There is a strong attraction to the danger of edges. The rush of the smallest shifting, the thrill of twisting one leg suddenly, the buckle of knees, the movement of your body in and out of balance. It’s almost sexual in its immediacy. The smallest details and distances fill your eyes and your skin feels every breeze and touch of sun. The rock beneath you shifts under a turning heel and you sway like a drunk. Vertigo demands you jump. Your fingers shake, your head thick with the gravity of the headiness of fear the thrill of a destructive, absolute choice. Vertigo is the contradiction of reason and lust, denial and destructive indulgence, the freedom that flows from passing beyond the edge, leaving yourself behind, crouched on a ledge or tree branch and falling into anonymity. It’s in that battle of instinct and reason that everything remotely interesting in life ever happens. Everything feels still while you fall. Then gravity catches up with you and all the weight of your past flattens you onto the rocks.

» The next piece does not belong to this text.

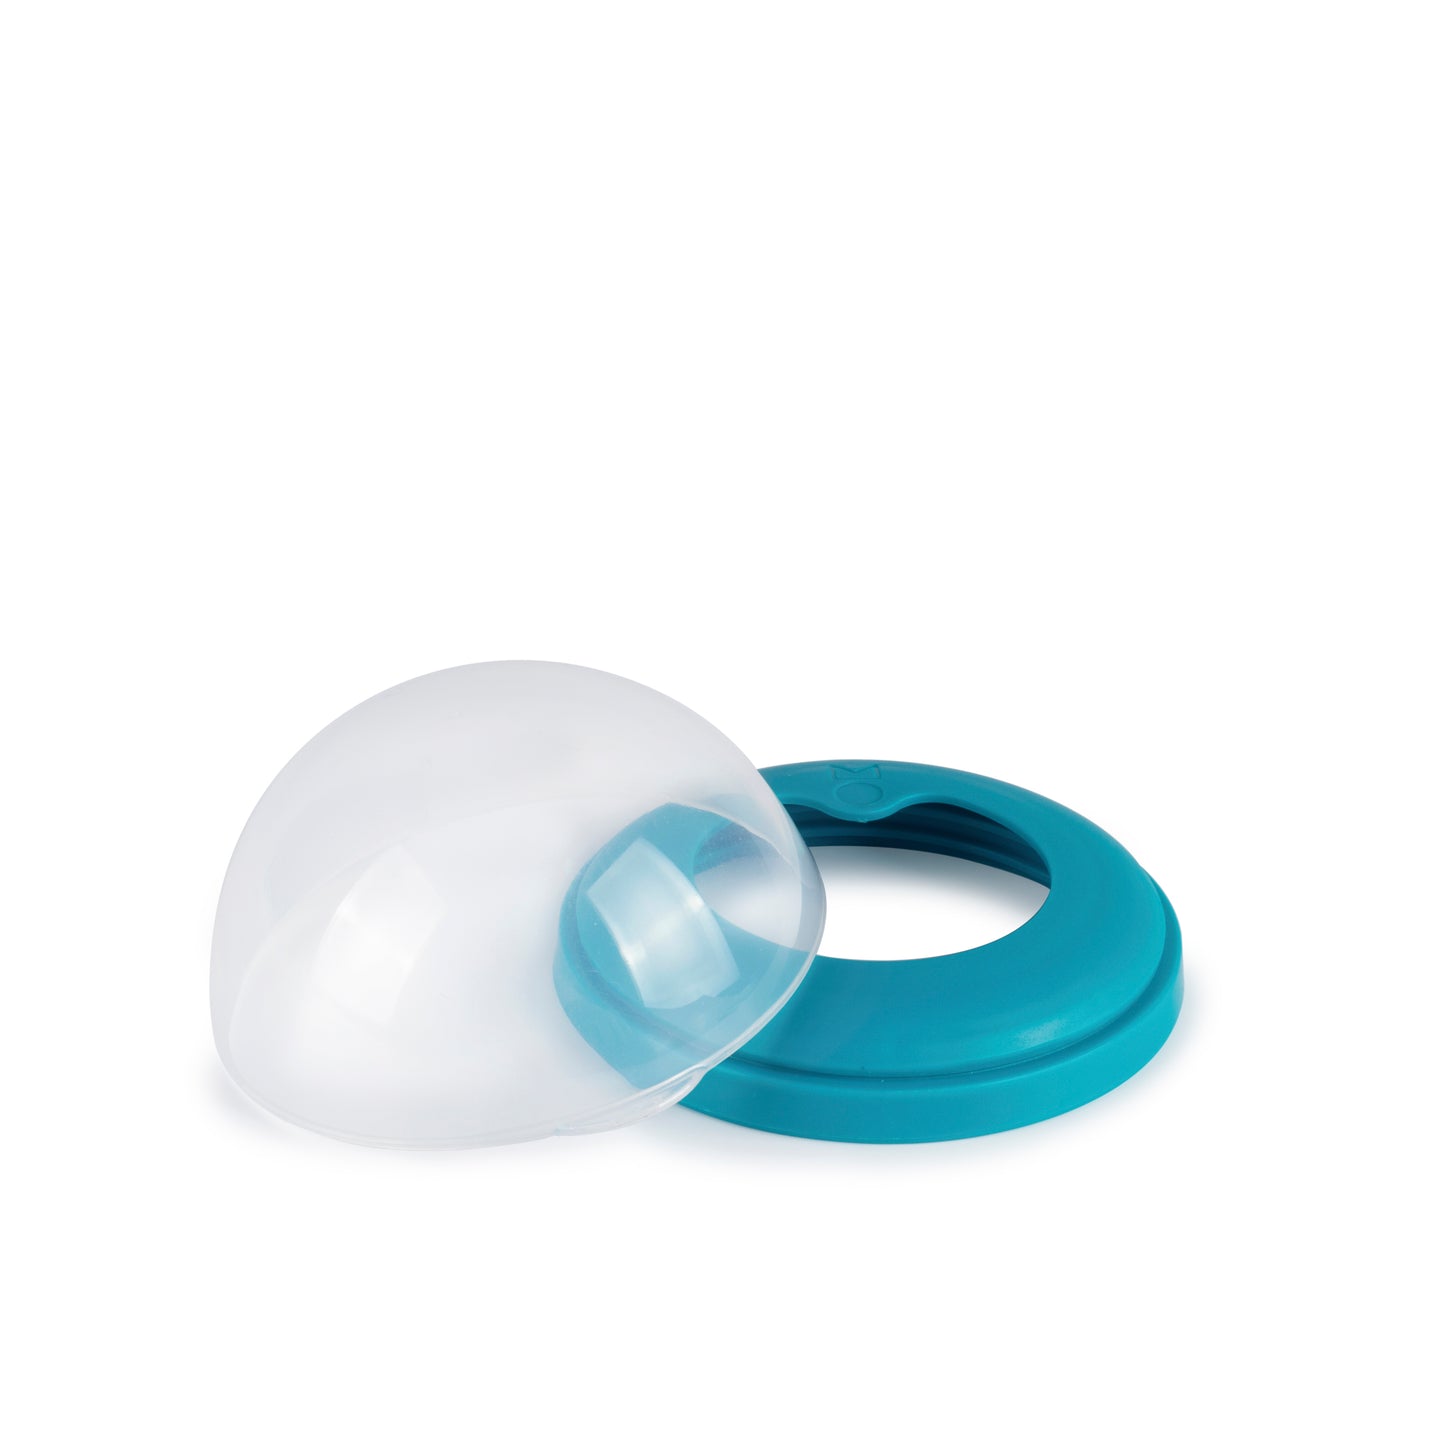 ALICE replacement ring and lid set-teal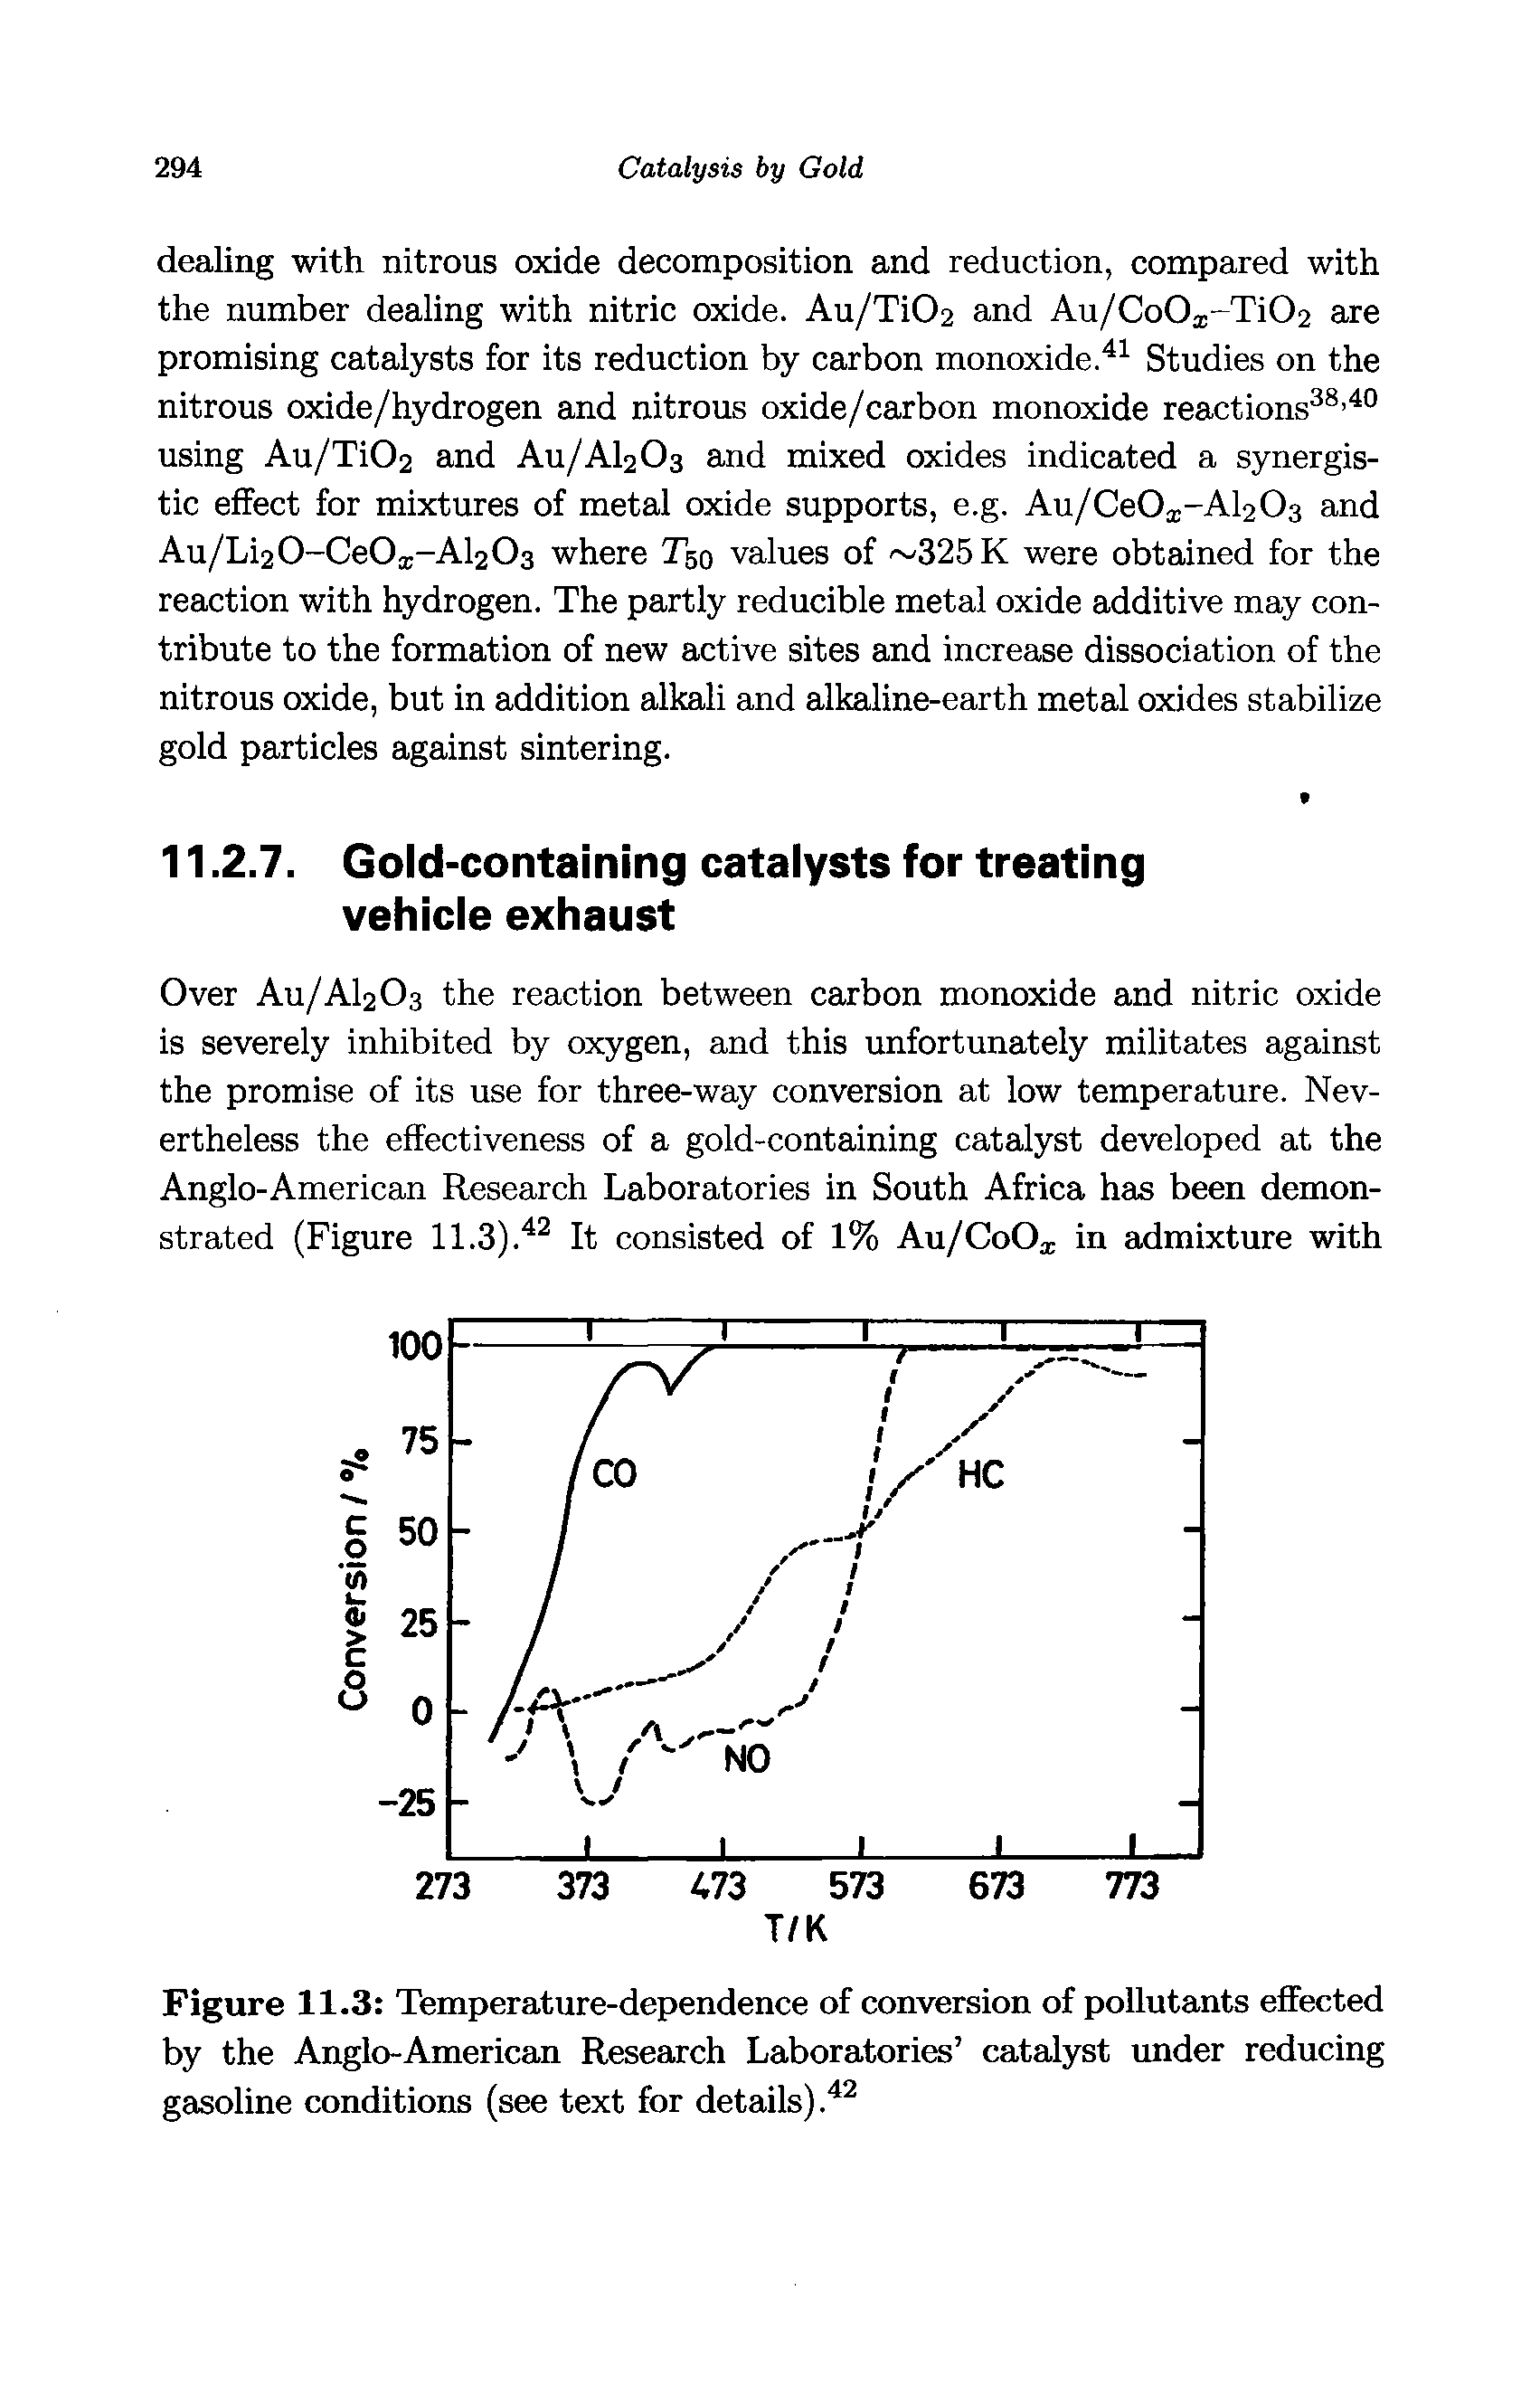 Figure 11.3 Temperature-dependence of conversion of pollutants effected by the Anglo-American Research Laboratories catalyst under reducing gasoline conditions (see text for details).42...

From the vantage point of the top of the cliff the South Pacific stretches out before you. But at your back the city is a combination of the sheen of neon and the epileptic movement of city traffic of a society in frenzy. At 33 degrees Celsius the smell of condensed people clings with your sweat, the moisture of intimacy lying on strangers. Turn back to the sea and there is only space. You sweat cleanly in the sea breeze. Out on the chopped confetti of white tipped waves a low-flying trio of seagulls skim the ocean as if dancing. You forget all about their moronic up-close fish and chip glutting siblings that squawk and steal and bicker. Below, Watson’s Bay is settling comfortably into dusk, with covers of reggae music and the chink of glasses among the twisting jowls of the affluent as they gorge. The impulse to jump fades with the sun, turning the air around you to blank shadows, the South Pacific hushing against the cliff. Back at the ferry the silence of the day has emptied you out and keeps you numb amongst the chatting tourists.